Тьма сгущается - Тертлдав Гарри Норман. Страница 82
Глава 10
Миновав Павилосту, Скарню направился к хутору Даукту, тиская в руках безголовую курицу. Если альгарвейский патруль остановит, можно будет соврать, что идет возвращать долг. Он, правда, не ожидал наткнуться на дозор – слишком многих солдат отправили оккупанты на западный фронт, и в Валмиере им бойцов остро не хватало, – но рисковать тоже не собирался.
Ему никогда не приходилось бродить по зимним проселкам до того, как бывший капитан очутился на хуторе, принадлежавшем тогда Гедомину, а ныне Меркеле и в некотором роде – ему самому. Овчинный кожух на его плечах тоже принадлежал когда-то старому крестьянину и висел на Скарню точно на чучеле, зато грел отменно. Вот башмаки пришлось покупать новые: натянуть старую обувь Гедомину капитану так и не удалось. После нескольких походов по грязным, разбитым сельским дорогам башмаки новыми уже не казались.
Невзирая на грязь и холод, местность отличалась своего рода суровой красой. Сестра капитана, разумеется, осмеяла бы подобные слова, но Краста готова была надсмеяться над чем угодно. Голые поля и облетевшие деревья не были красивы, но таили в себе обещание грядущего расцвета. Глядя на них, Скарню видел не то, что есть, а то, что будет, – прежде ему это не удавалось.
По стволу векового дуба пробежала белка, сжимая в зубах желудь. От человека она старалась держаться подальше. Пока Скарню жил в столичном особняке, он с презрением отверг бы тушеную белку. Меркеля научила его, что мелкая дичь может быть необыкновенно вкусна.
– Не сегодня, малышка, – бросил он, проходя мимо.
Белка застрекотала возмущенно – должно быть, укоряла в беспардонном вранье, и, наверное, не зря.
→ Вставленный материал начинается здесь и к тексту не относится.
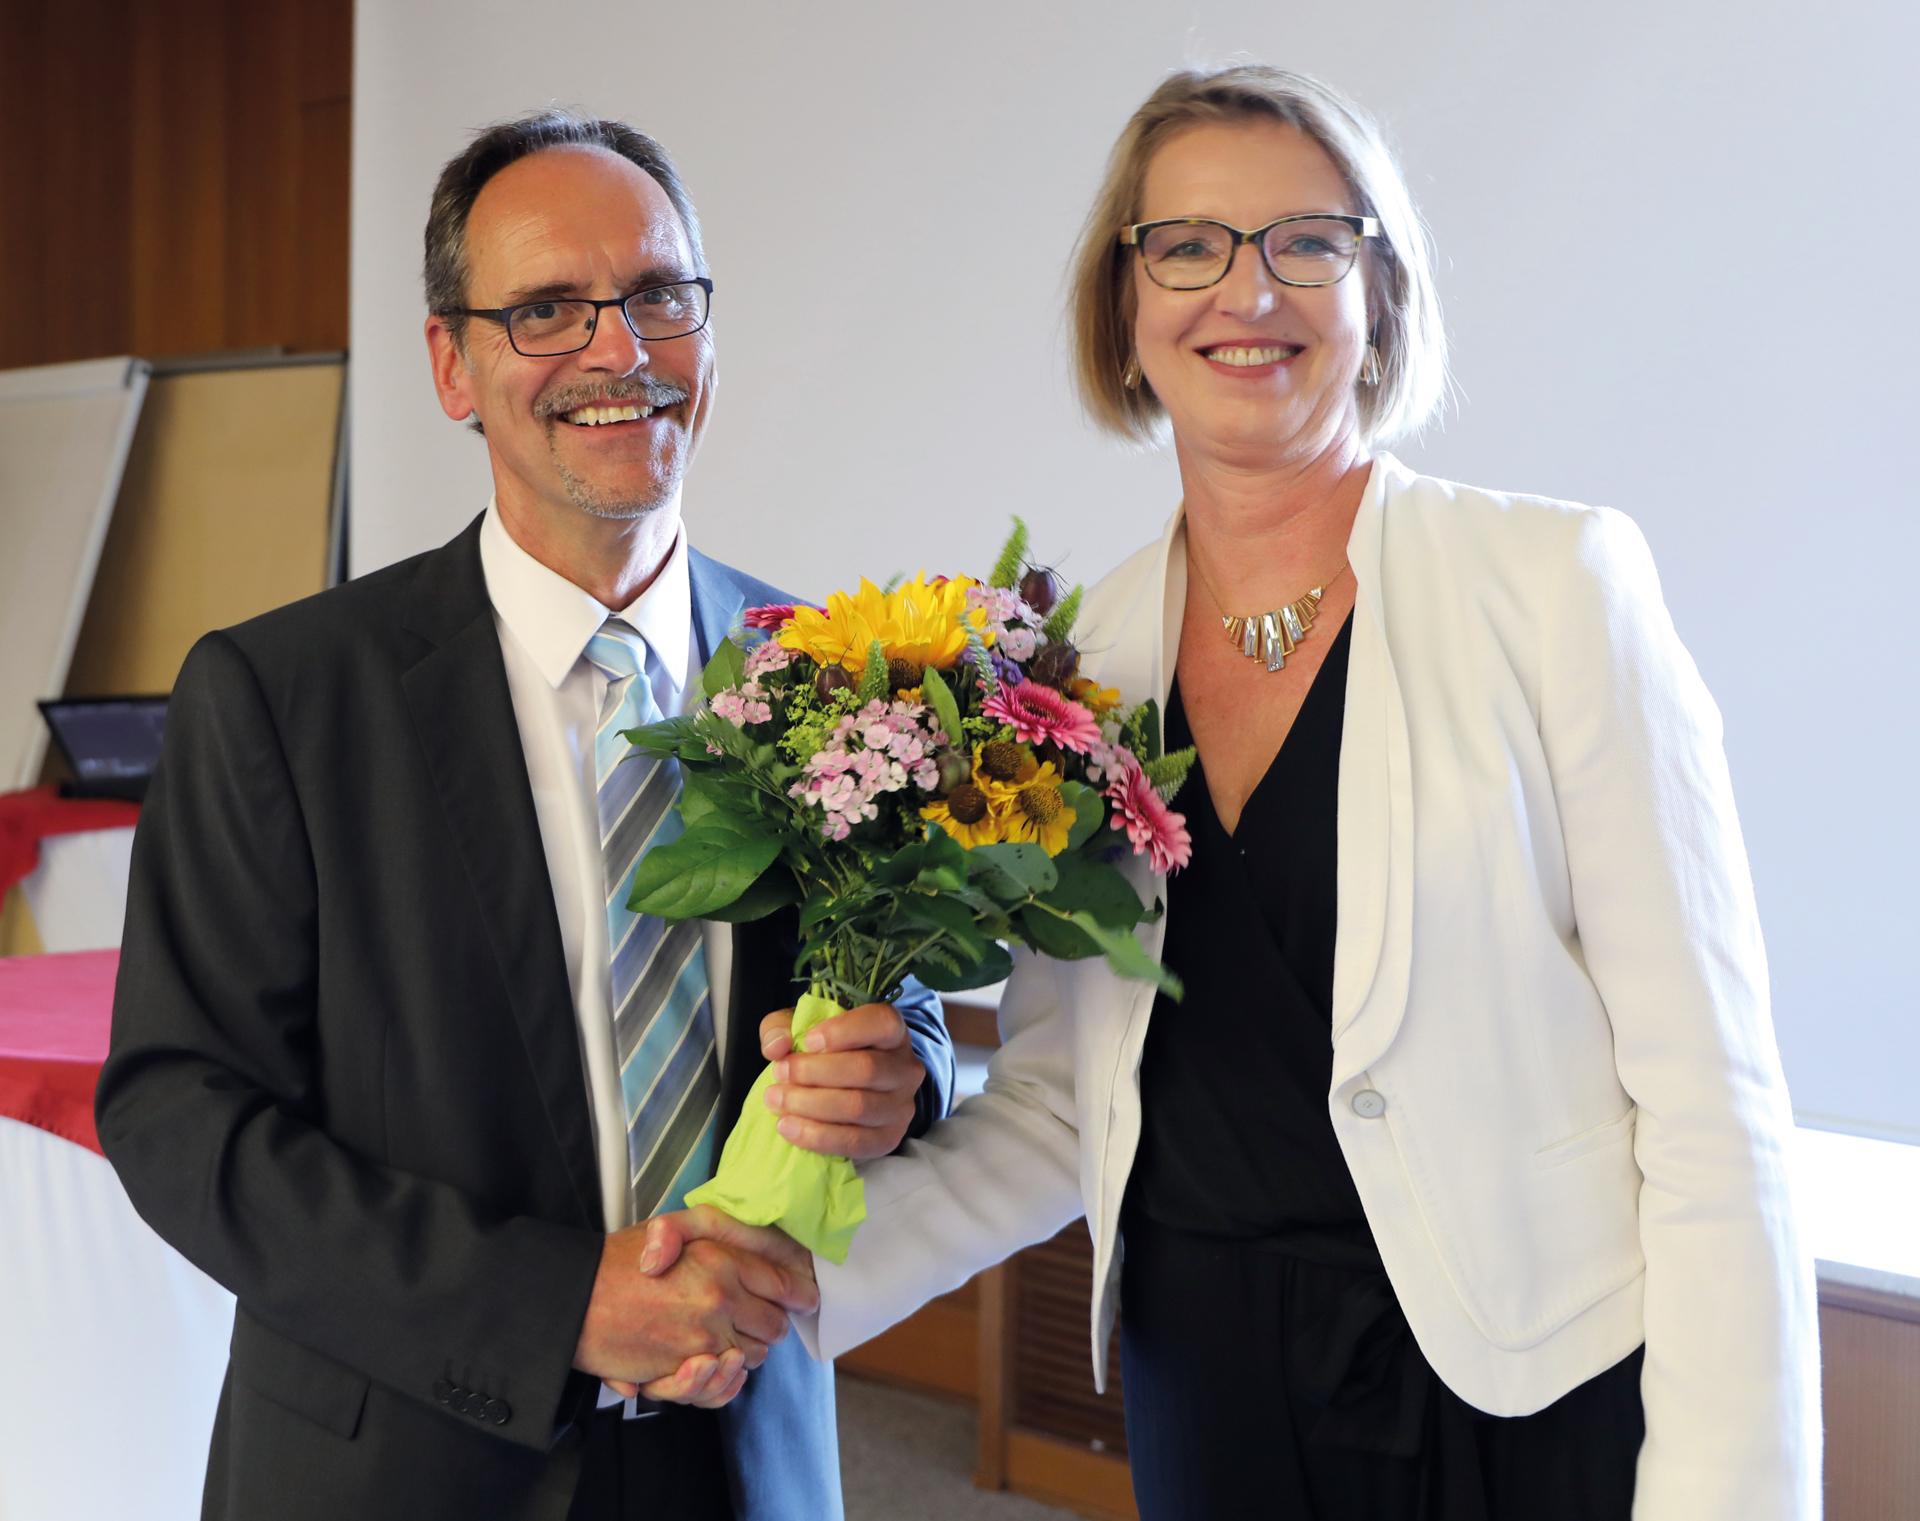 Akademie-BGL_Professor-Rudolf-Baessler-Bettina-Oestreich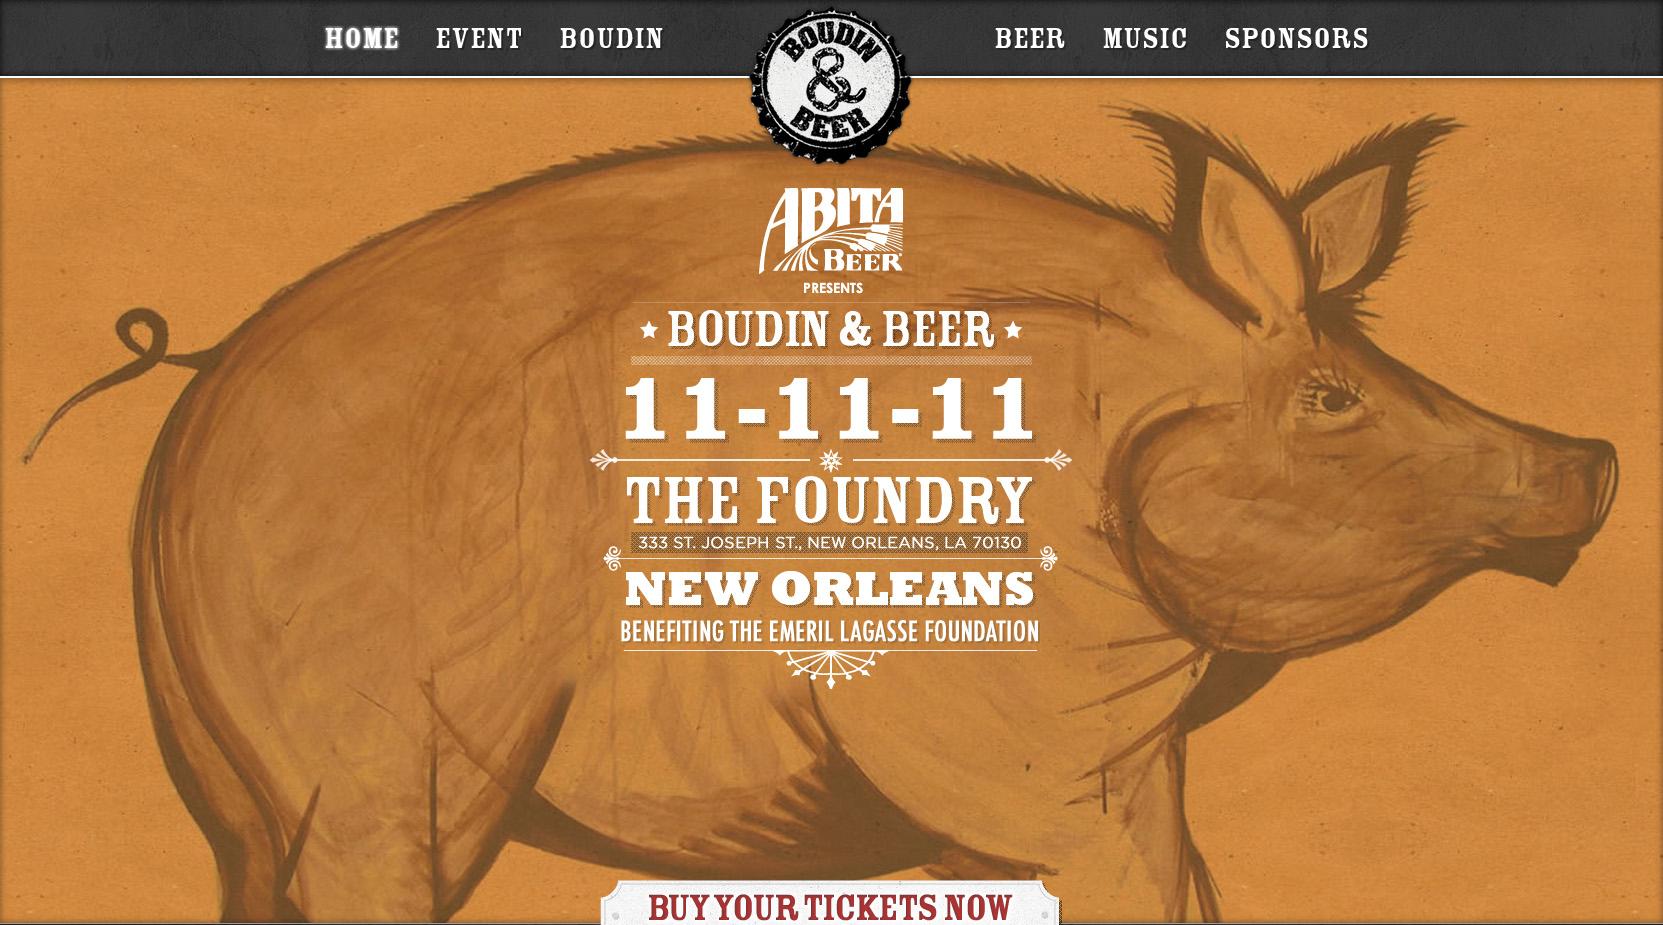 Boudin & Beer Website Screenshot

Павилосту Скарню обошел стороной и до самого хутора Даукту не повстречал на пути ни единой живой души. Для крестьян, как узнал он, зима служила временем отдыха, когда можно подготовиться к весеннему севу и заняться хозяйством, тогда как дворянство Валмиеры с приходом холодов ударялось в разгул и веселье. Скарню пнул дорожный камень. Граф Симаню этой зимой не закатит балов, не устроит пиров для своих альгарвейских приятелей и хозяев. «Об этом я позаботился», – подумал капитан.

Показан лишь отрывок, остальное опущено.